The Inkblot Spider and Her Prey
The blasted acoustic recorder is non-functioning, and so we are unable to bring to you a new edition of Field Sounds this week. The device is with Master Periat and I will not shed a tear if he is unable to bring the infernal contraption back to life. To fill the time this week, I continue my informal dissertation on the faerie predators of City Park. This week, I have pulled an older photonic capture from my archives to share with you.
Also known as the gardener’s friend, it is considered good luck for an inkblot spider to set up her web in a garden by the City’s residents. They feast on the more noxious pests that can spoil a garden, such as the moth pixies which bring with them the aphid analogues that make short work of an herb garden or even a small vegetable garden. I’m certain that the inkblot spider’s ancestors were brought to the City by the Englunders, if not purposefully, then accidentally, hitching a ride among seed stock as so many invaders do.
I say ancestor because the inkblot spider has adapted to the local ecosystem and is clearly now a fundamental part of it, and one of its unusual traits could only evolve in the rarified environment of this world. I speak of course of its namesake, the ever-shifting pattern markings so reminiscent of blots of ink. It is not uncommon for gardeners to take their tea beneath the spiders web to watch the patterns shift, and calling out amongst themselves, as a kind of inkblot charades, what each thinks the spots resemble. I have often said that the game reveals more about the players than it does about the spider. It’s a curious thing, the spider’s markings. Also of interest to the naturalist is the spider’s web.
The web is of a spiral structure, created from sticky capture silk. A key feature of the web is the stabilimentum, the crisscross of silk through he web. Dr. Argiopes, renown expert on arachnids, has hypothesized that the stabilimentum is created to increase the visual profile of the web so as to ward off birds and other larger winged beasts. However, what warns a bird surely must warn a moth pixie as well, no? It is here that I hypothesize that some fundamental aspect of the stabilimentum attracts smaller prey while warning larger creatures. How is this so? What quality could be responsible for this? I have no idea.

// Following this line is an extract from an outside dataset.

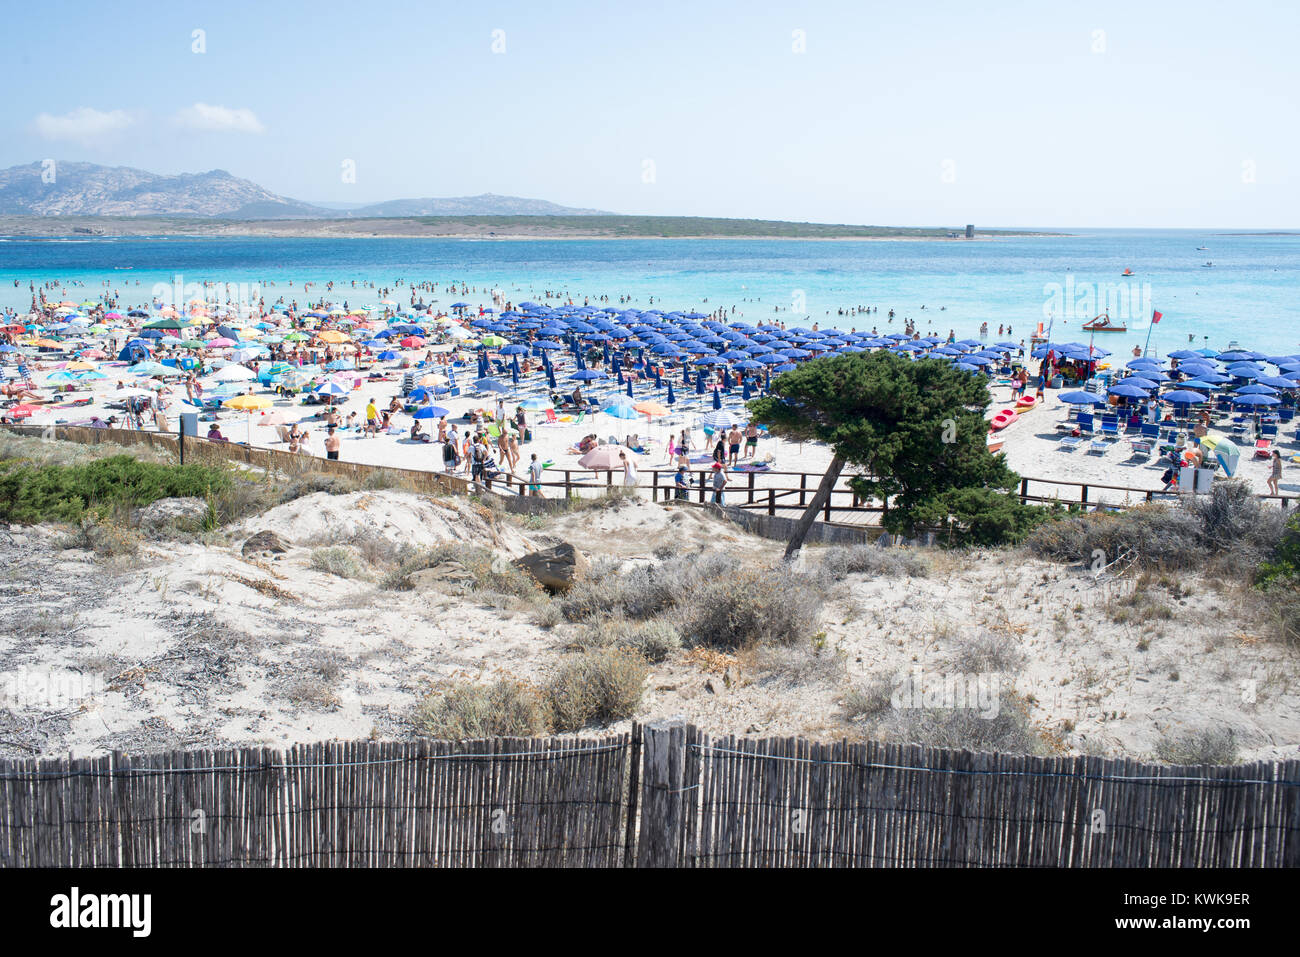 Vista panoramica della spiaggia della Pelosa a Stintino in Sardegna in piena stagione turistica. Centinaia di turisti che affollano la bella ma piccola spiaggia Foto Stock

I have spent several afternoons watching Mrs. Dowd’s resident inkblot spider, not for the patterns, but for her method of hunting. She rests in the center of her spiral legs touching lines of web. Sensitive hairs on the feet detect even the smallest tug upon the web. Like a fisherman, she waits for the action on the webbing to become frantic, signaling the difference between a breeze and a captured and struggling pixie. Struggling only ensnares her prey more. Prey that tires quickly, she strikes immediately, injecting with her fangs. Prey with more fight in it, she wraps with further silk, binding it to the center of the web, illustrated above by the poor, half-devoured moth pixie.
But I’d like to return before ending this missive to the matter of the inkblot spider’s markings. What benefit do they provide? Camoflage? Attraction? Or something else? I have my own personal theories, but this week I would like to read your own. It will give me something to take my mind away from the dreariness of the Autumn rains.